Australian Tourism Export Council (ATEC) managing director
Matthew Hingerty said a spark was needed to help operators who were
finding it increasingly difficult to compete in the strong
international market.

He said if Australia’s identity as a beach getaway did not
evolve soon, the industry would not meet its visitor targets -
projected to increase by 4.7 per cent per year to 2016 - and lose
market share to Thailand, China and Dubai.

Tourism brands had to think smarter and start advertising
products and experiences that could only be enjoyed in Australia,
such as health tourism, cultural heritage and indigenous tourism,
he said.

Mr Hingerty said rising costs of labour, food and beverages and
an increasing tax burden on inbound tour operators were also biting
and governments needed to give some “love and affection”.

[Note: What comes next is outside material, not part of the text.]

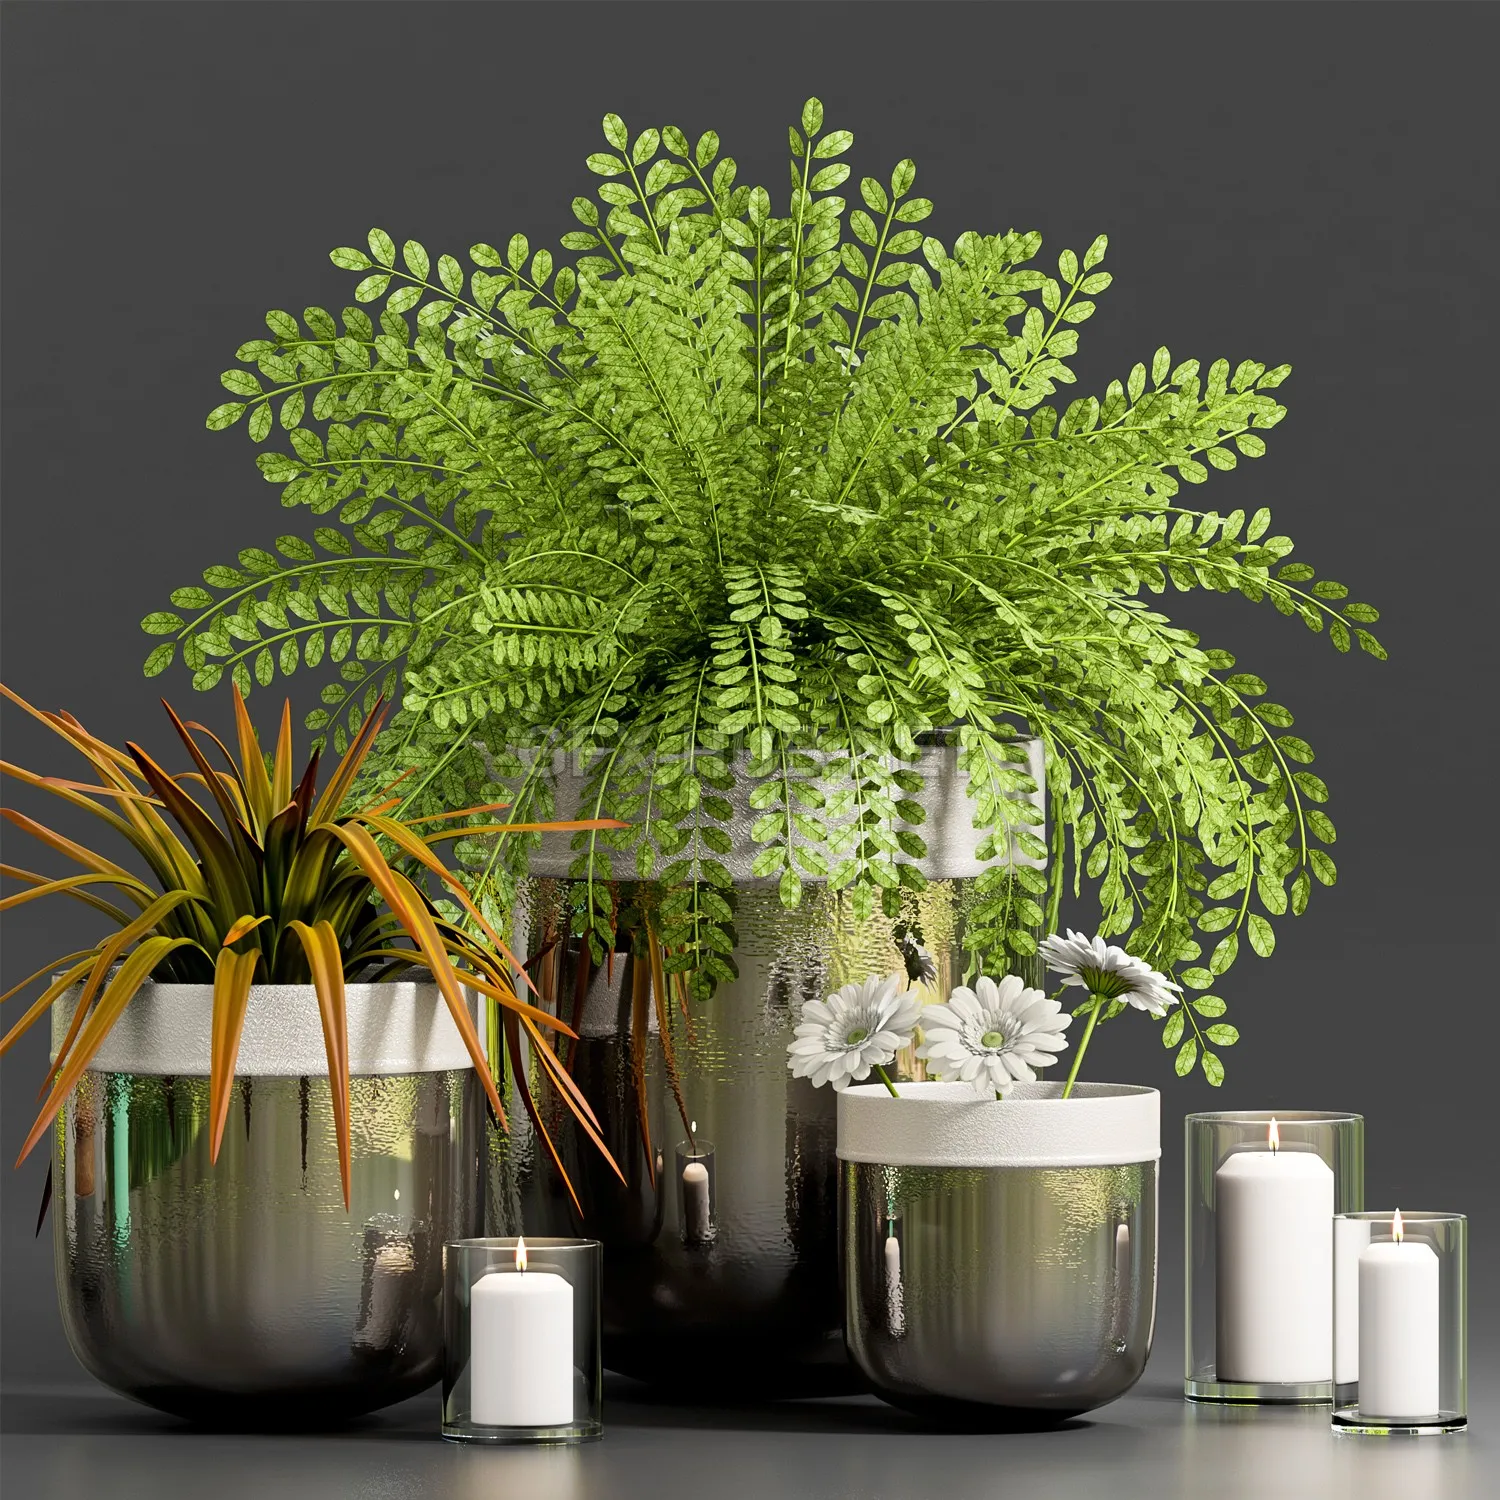 FURNITURE 3D MODELS – DECORATIVE PLANT WITH GERBERA FLOWER
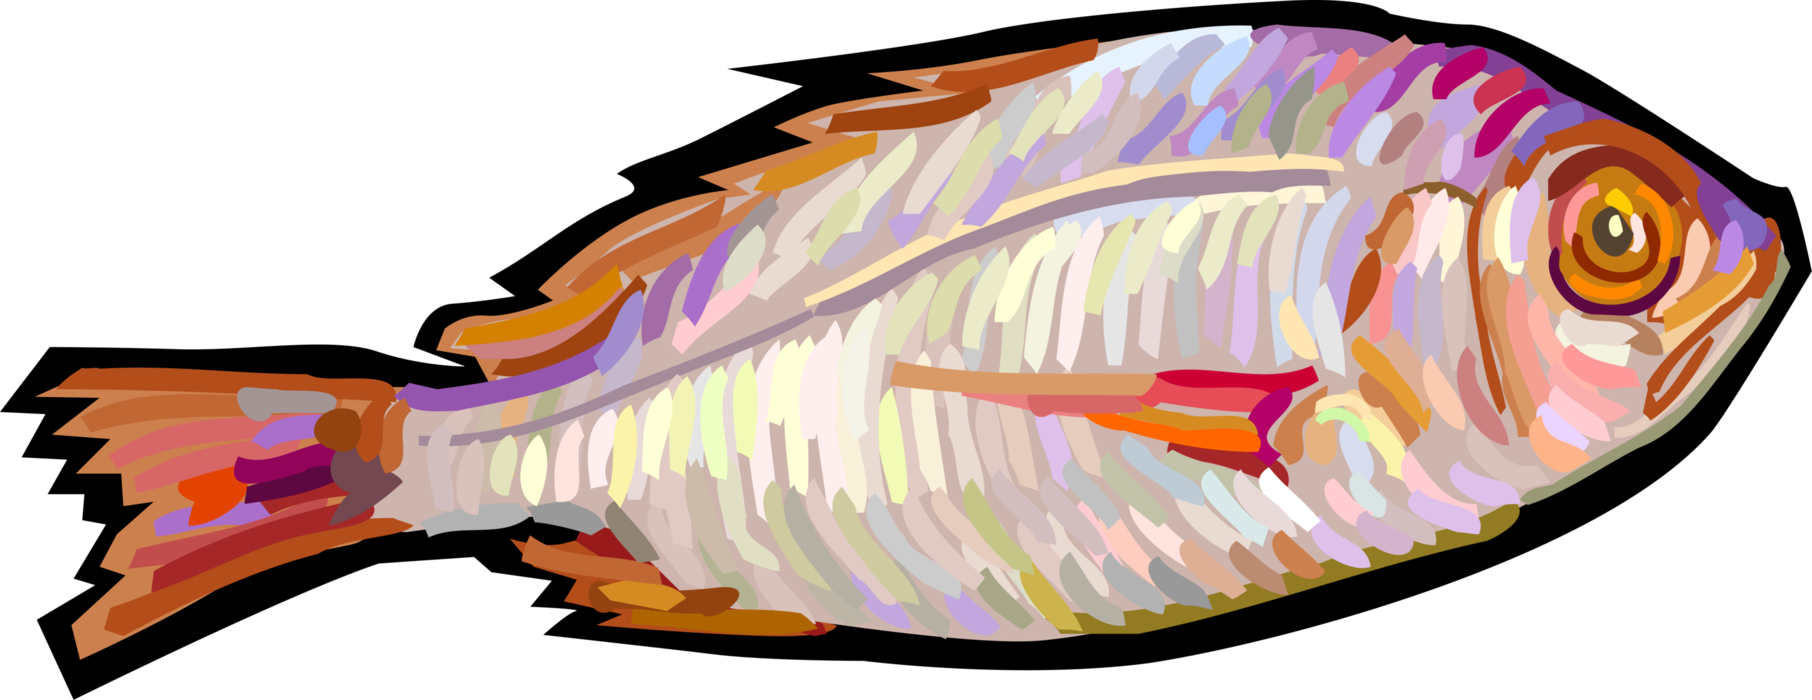 Vector Illustration of Aquatic Marine Red Snapper Fish

“It’s okay for the (tourism forecasting) committee to throw
those numbers out there and they’re admirable … but the people
have to understand that it’s not just about marketing Australia and
the numbers will turn up,” he said.

Mr Brown agreed, saying the federal government needed to keep a
watchful eye on the industry to ensure the right climate existed
for growth.

He said there was currently a lack of investment in hotels and
new attractions, complex and lengthy planning processes and skills
and labour shortages.

“The tourism industry needs to take a long, hard look at itself
now and work out how it’s going to welcome 8.9 million overseas
visitors and lay the bed for a profitable and sustainable
industry,” Mr Brown said.

But it was not all doom and gloom, with figures showing record
spending by the affluent tourists Australia targets.

And increased routes into major cities and bigger aircraft
signalled by Qantas, Emirates, Etihad, Qatar Airways, Tiger Airways
and Air Asia X are expected to bring more big-spending tourists
from the Middle East.

The trend is something that new federal Tourism Minister Martin
Ferguson hopes will continue as the Rudd government assesses its
new policies for international marketing and countries.

“The Australian tourism market, through their efforts in
providing world-class tourism experiences, have built the platform
to take advantage of the strong growth in international tourism,”
Mr Ferguson told AAP.

But he acknowledged the role the government needed to play to
ensure the right climate existed for growth.

He said he hoped the government could also work to lift the
pressure on family budgets to alleviate stresses on the domestic
market.

Changing industrial relations legislation to create better job
security would also allow more Australian to take the traditional
family break, he said.

“We must also recognise the importance of families being able to
take holidays together,” he said.

Only time will tell whether the new government will be able to
drive growth of the multi-billion-dollar industry and sustain
Australians’ love affair with their own shores.